To achieve the variable speed capability, the
structure of the device is changed. According to one
preferred embodiment of the change, the following
mechanism is added to the existing 'mouse' mechanism: a
variable transmission gear is added to each of the two
axles. This transmission can be seen as parts 23, 24 and
25 in the figure.
The gear is constructed of a conical
transmission element (part 23 in Figure 2), mounted
coaxial on the axle. The conical element touches another
transmission wheel (part 24 in Figure 2), which is
coaxial mounted on a flexible shaft (part 25 in Figure 2)
The relative position of the transmission wheel and the
conical wheel can be changed by the user by changing the
position of the external control knob (part 27 in Figure
2). The external control knob 27 is operatively
associated with the lever 15 of Fig. 1 (not shown in Fig.
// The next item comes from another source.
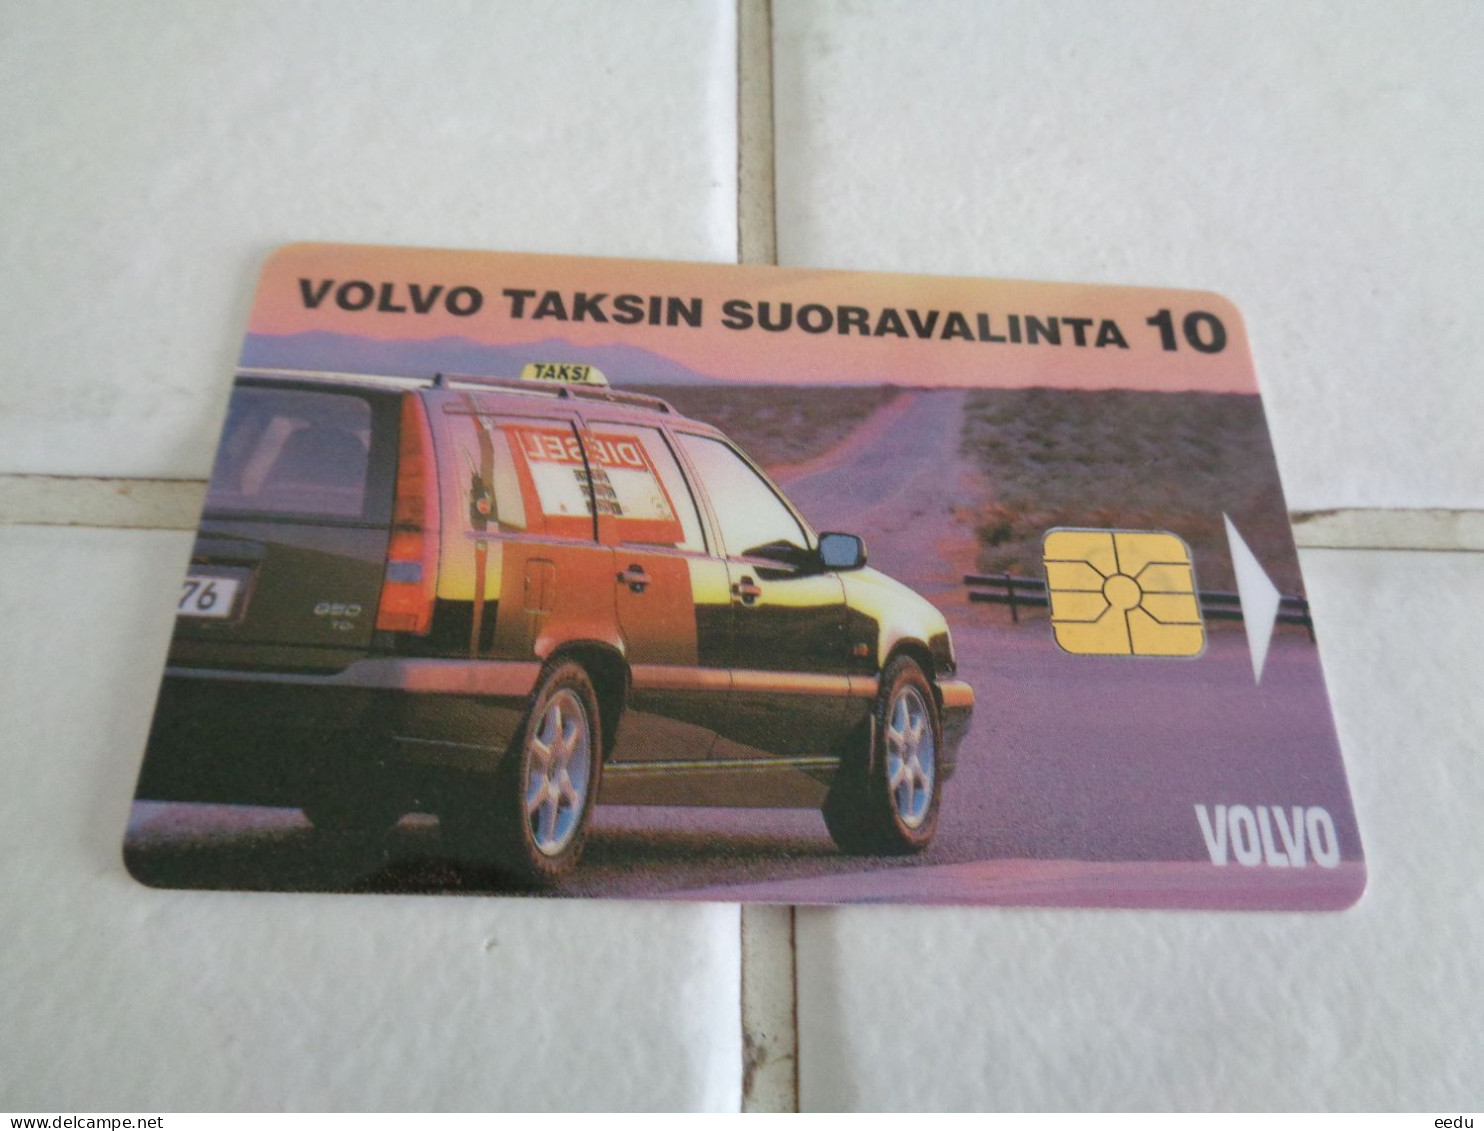 Finland Phonecard Tele Y1 - Finnland

2). When the position of the transmission wheel is
changed, the transmission ratio is also changed, thus
changing the speed sensitivity of the device. The
flexible shaft is connected to an electronic or optical
device (part 26 in Figure 2), as done in today's 'mouse'
devices, which produces electronic signals that are
transferred to the computer and are then translated by it
to the cursor position on the computer screen.
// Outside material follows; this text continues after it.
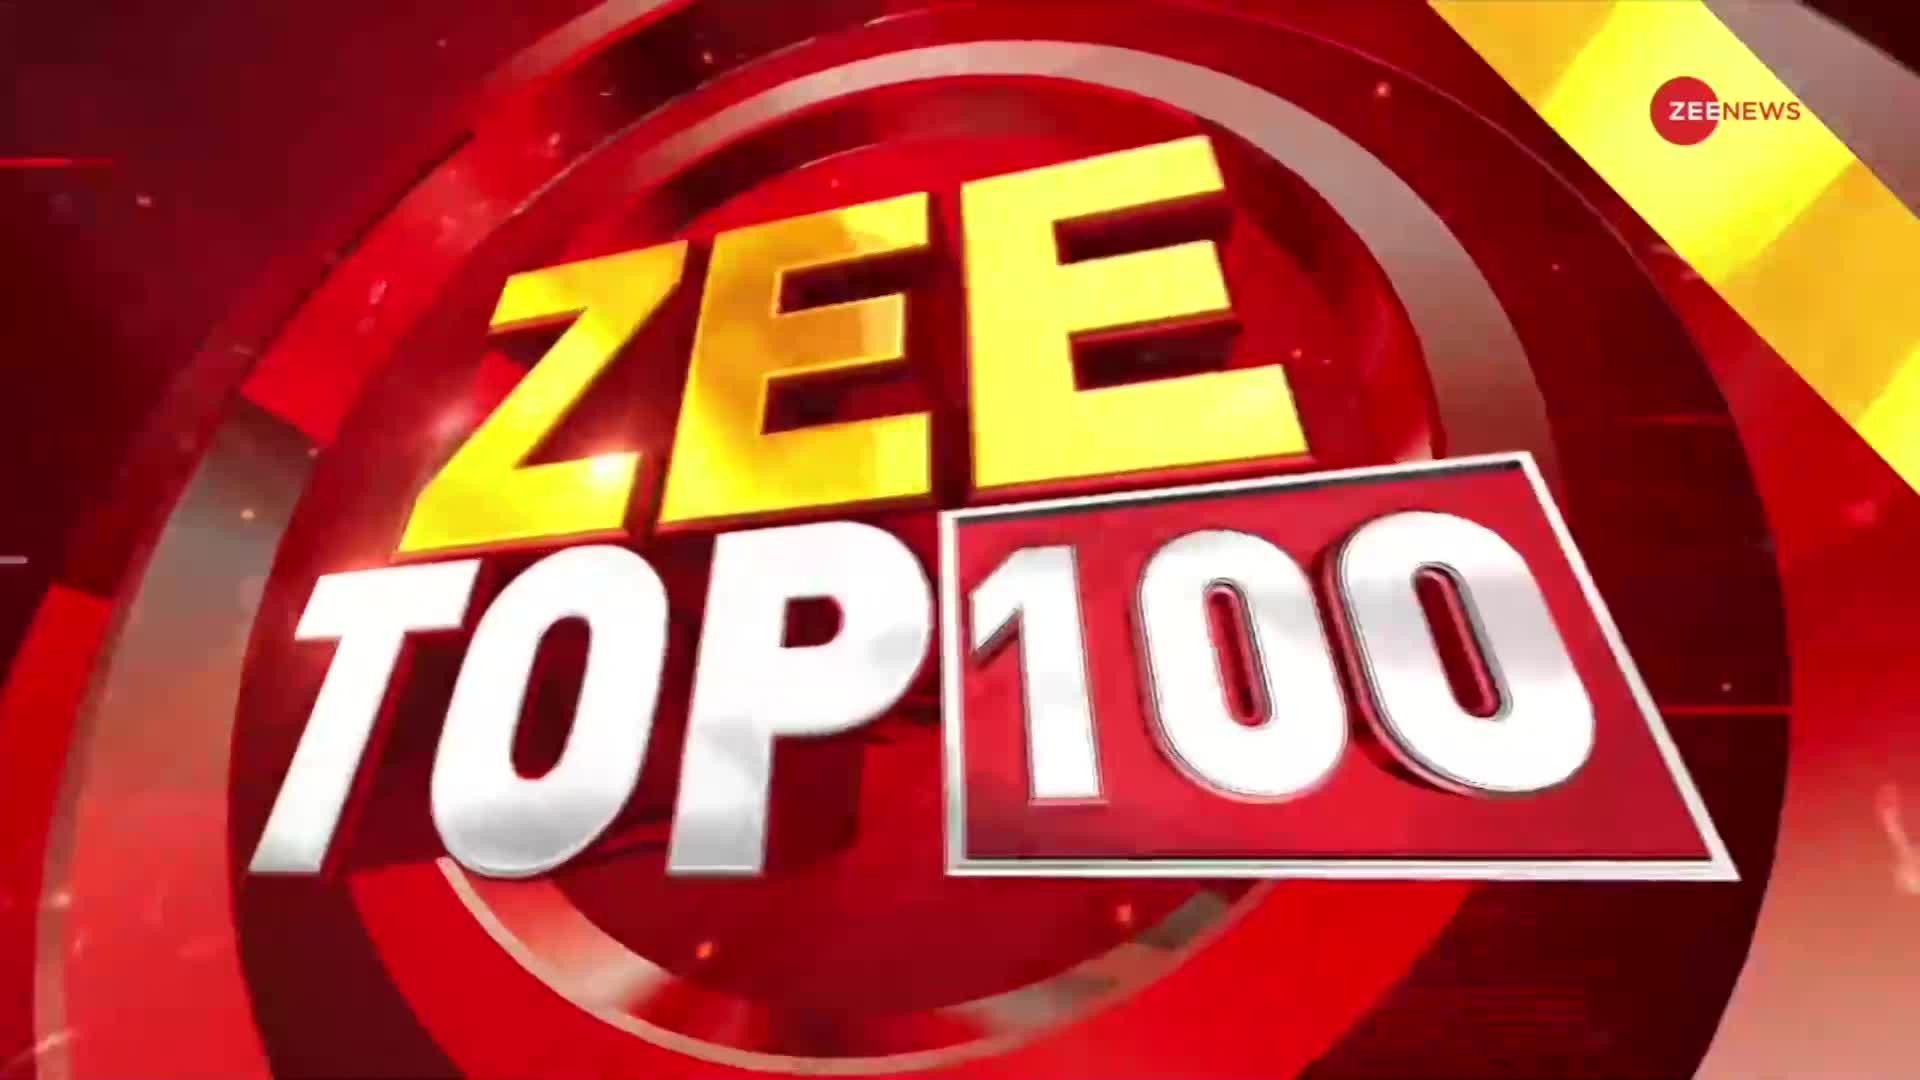 Zee Top 100: केंद्रीय मंत्री Pralhad Joshi का बड़ा बयान, 'ये Congress ओरिजिनल नहीं, Italian है'

Reference is now made to Fig. 5, which is a
simplified side view of a portion of a hand manipulable
computer input device constructed and operative in
accordance with another preferred embodiment of the
present invention. Typically, the hand manipulable
computer input device of Fig. 1 comprises two devices
such as that of Fig. 5, typically mounted at
approximately right angles to each other.
The device of Fig. 5 comprises an axle 100.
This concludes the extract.